Male wild-type short-fin zebrafish of 4–6 months of age were obtained from a local animal store in Bogotá, Colombia. The fish were kept in 7 L tanks (400 ml/fish) at a temperature of 27 ± 1°C, pH between 6.8 and 7.4 and light/dark cycle of 12:12 h and they were fed once a day in the light phase with a TetraMin (Tetra GMBH, Germany) standardized diet.[28] In addition, each tank had an aeration system and filters to guarantee adequate water conditions for the animals, which had a 2-week adaptation period before any test. A total of 84 male zebrafish were used for the experimental tests and they had average weights and sizes of 362 mg and 2.6 cm, respectively, and were distributed randomly into control and experimental groups. Only males were used due to their differences in the aggressiveness tests and biochemical markers relative to that in females.[29] All procedures were carried out based on the ethical principles of the 3 Rs and the Guide for the Care and Use of Animals in Neuroscience and in Behavioural Research.[30] All protocols were approved by the ethics committee in animal experimentation of Universidad Antonio Nariño (June 06/2017).

Environmental stress and acute ethanol exposure

To induce stress, an acute USP was performed for 3 days [Figure 1]. This protocol included a tank change on day 1 with the water temperature at 33°C for 30 min and then at 23°C for 30 min. On day 2, the fish were chased with a net for 10 min. On day 3, immobilization was carried out in 2 ml microcentrifuge tubes (open at both sides to allow oxygenated water circulation) for 60 min [adapted from 14]. The USP was carried out in groups of six fish in a different tank from the storage tank. On day 4, zebrafish were exposed to ethanol (70% ethyl alcohol, Tecnoquímicas, Bogotá, Colombia) at different concentrations (0, 0.25, 0.5, 0.75 and 1%, n = 12 each group). All dilutions were performed in a 1 L tank. Zebrafish were exposed to ethanol at 0.25 and 0.5% for 40 min, the minimum time necessary to reach concentrations of alcohol in the blood and brain similar to the concentration in the tank.[20,31] Zebrafish exposed to ethanol at 0.75 and 1% showed buoyancy and balance loss after 15–20 min and an exposure time of 40 min was fatal in the pilot tests. Therefore, the zebrafish were exposed for 20 min at these doses (0.75 and 1%). The fish were transferred to tanks with fresh water and behavioural analyses were performed after a 5-min recovery period. In addition, due to the significant differences in locomotor behaviour, a behavioural test without stress was performed with ethanol exposure at 0.75%. First, the behaviour tests were recorded without alcohol; then, the same group was exposed to 0.75% alcohol and a second recording was made (prepost test). A total of 14 groups with six fish each were generated, with seven groups for the swimming deep test (control, stress only, stress plus 0.25, 0.5, 0.75 and 1% and prepost of 0.75% without stress) and seven groups for the mirror proximity test.

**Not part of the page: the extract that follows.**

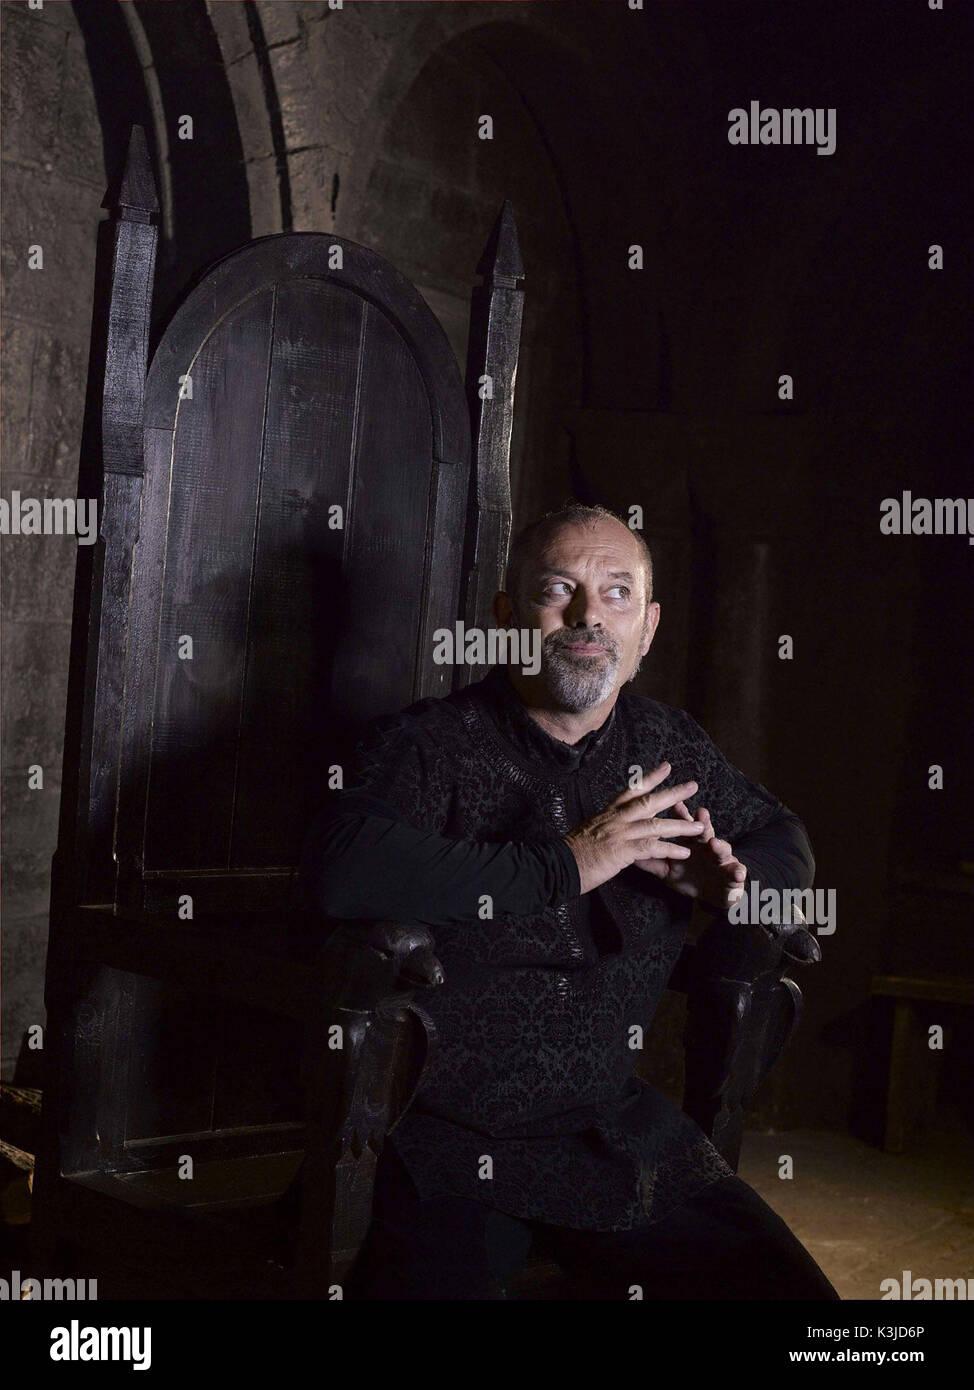 ROBIN HOOD KEITH ALLEN as the sheriff of Nottingham ROBIN HOOD     Date: 2006 - Stock Image

Figure 1:: Overview of the USP, ethanol exposure and behavioural assessment. The US protocol was applied for 3 days. On day 1, water in the tanks was heated and then cooled and the zebrafish were exposed for 30 min at each temperature. On day 2, the zebrafish were chased with a net for 10 min. On day 3, the zebrafish were placed in a 2 ml microcentrifuge tube for 60 min. Finally, on day 4, the fish were exposed to ethanol (0, 0.25, 0.5, 0.75 and 1%) and mirror proximity (top) and swimming deep (bottom) behavioural tests were carried out. M: Mirror.

Behavioural tests and analysis

To evaluate the fish behaviour, computerized tracking techniques were used with the video recordings. The videos were analysed and parameters such as total distance travelled, swimming speed and place preference in the swimming deep test as well as the time spent in the region of interest (ROI) in the mirror proximity test, were measured. All behavioural tanks were custom-made in acrylic (Surtiacrylicos, Bogotá, Colombia).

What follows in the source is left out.